Currently diagnosis of the vast majority of microbial diseases is carried out using traditional culture-based methods. In a clinical context, culture-based methods can fail to isolate disease-causing organism (40–42) and are time consuming and labor intensive (43). While not yet standard practice, utilizing a metagenomics approach in a clinical setting has the potential to identify and characterize bacterial and viral pathogens (44, 45). It is likely that reduced costing and increased sensitivity will endorse the use of culture-independent metagenomics approaches in clinical practice, particularly for new and emerging pathogens, which do not yet have standard diagnostic testing (44).

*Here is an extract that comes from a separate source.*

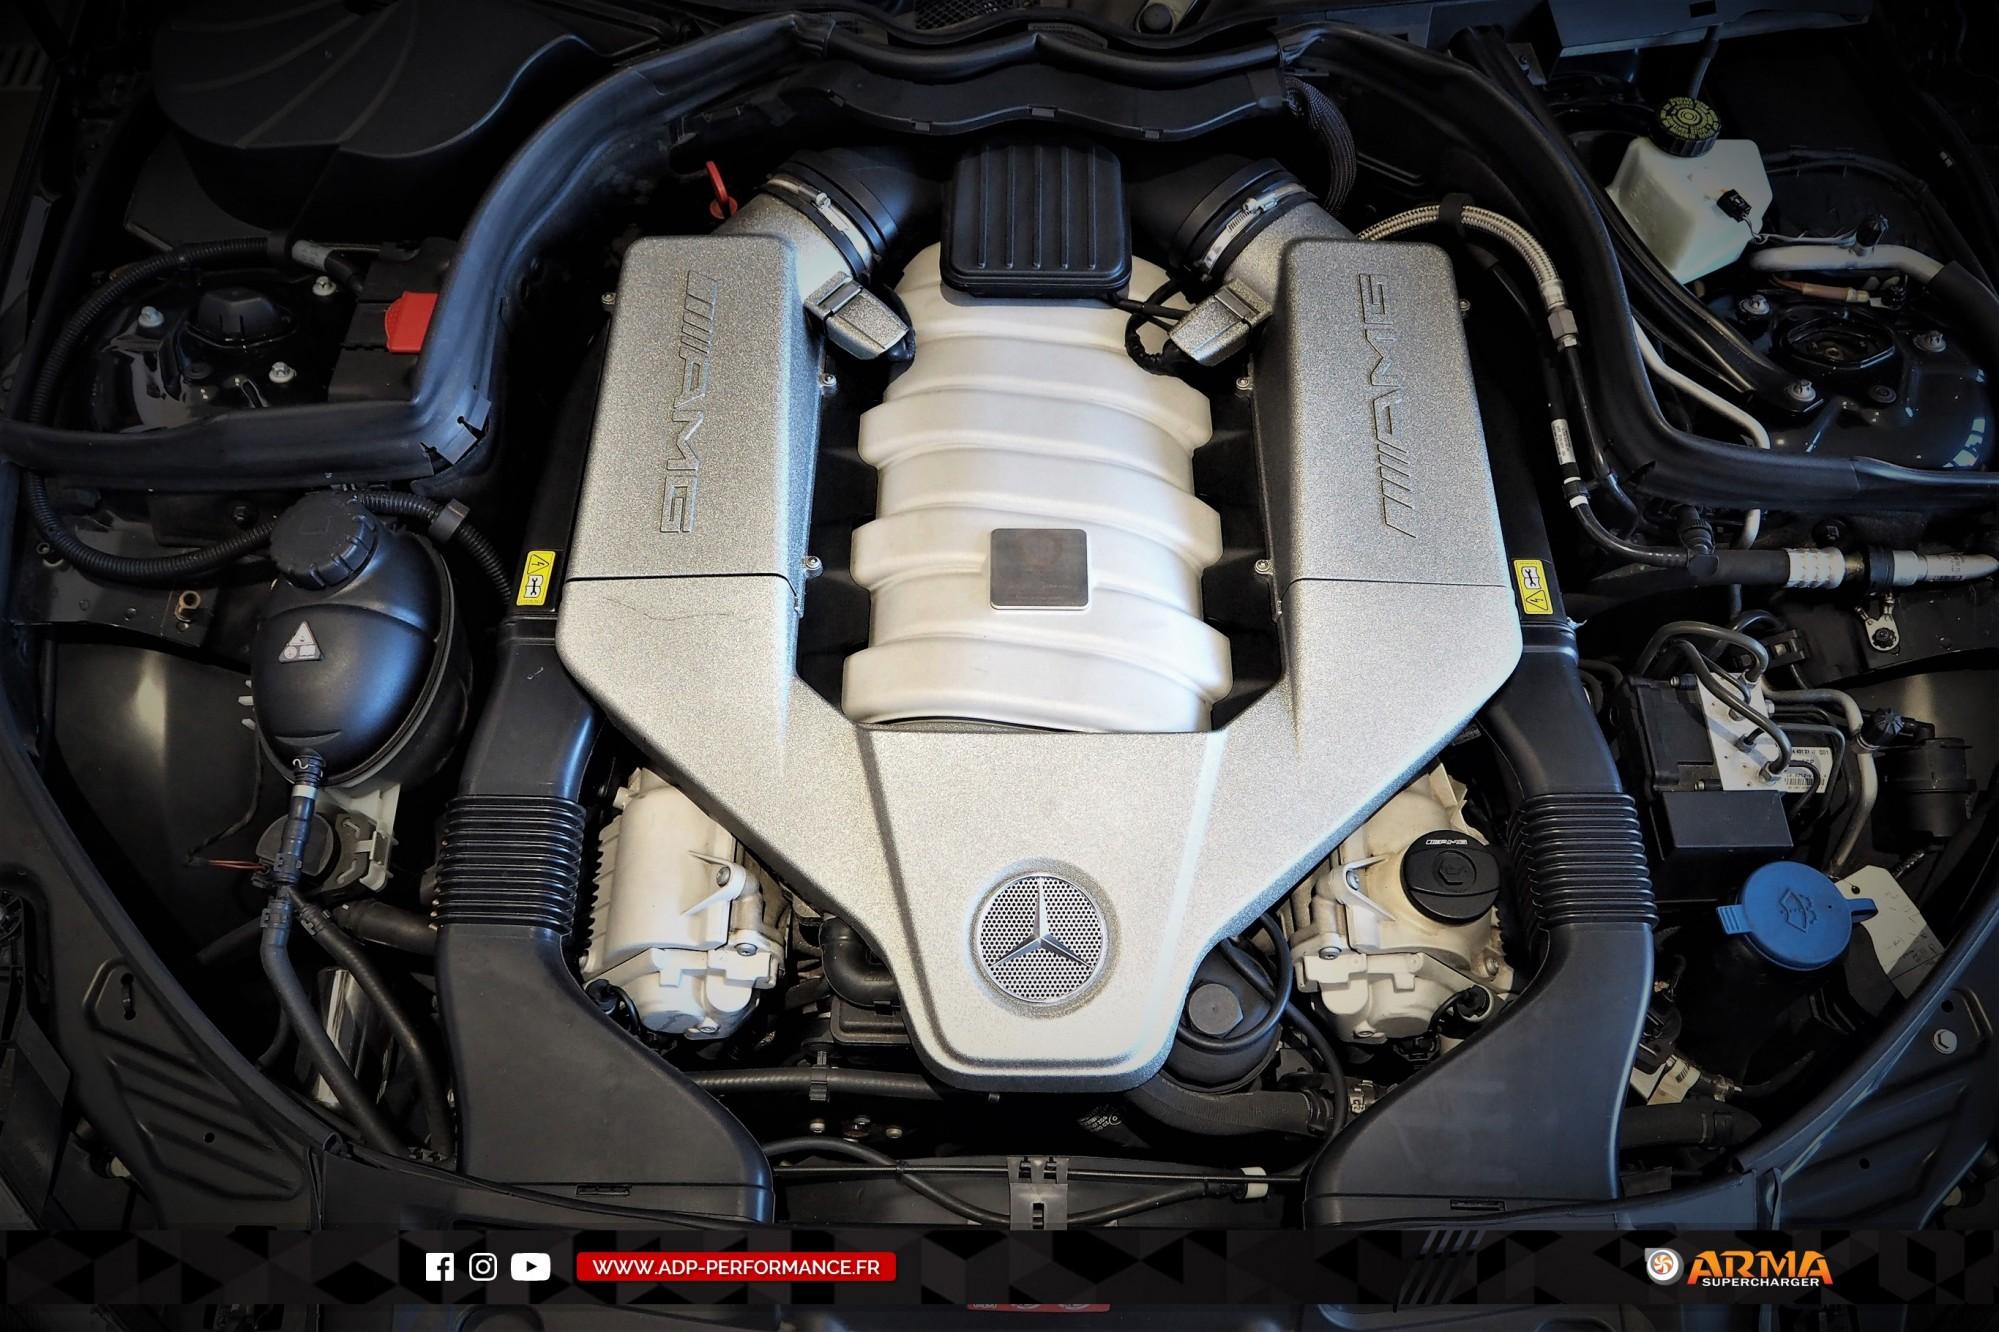 Admission ARMA Speed Nimes - Mercedes C63 AMG - ADP Performance

As discussed in the previous section, extracting useful information from these large datasets is non-trivial, often requiring multiple complex steps, which are dependent on the particulars of the data set being examined [e.g., see Ref. (44)]. Some inroads have been made in the development of tools for the rapid detection of pathogens in metagenomic datasets, which are designed to be fast and easy to use, important factors for integration into a clinical lab. PathSeq (46) utilizes a sequence subtraction method, where host DNA is first identified by aligning to a human reference database and removed leaving a much smaller dataset to search. This approach was used to identify a previously unknown pathogen as the causative agent in cord colitis syndrome (47). Clinical PathoScope (48) also uses the sequence subtraction method but claims to be much faster. Other computational strategies have been employed to deal with the large amount of host DNA; rapid identification of non-human sequences (RINS) (49) utilizes a custom reference database, which, while dramatically reduces run times requires some sort of hypothesis about the organism being identified. Parallel processing has also been used as a way to reduce computational times (50) while others have attempted to leverage improved alignment algorithms and increasingly available cloud computing resources (51). The later, known as sequence-based ultrarapid pathogen identification (SURPI) was recently used to diagnose a viral infection in a patient with encephalitis (52).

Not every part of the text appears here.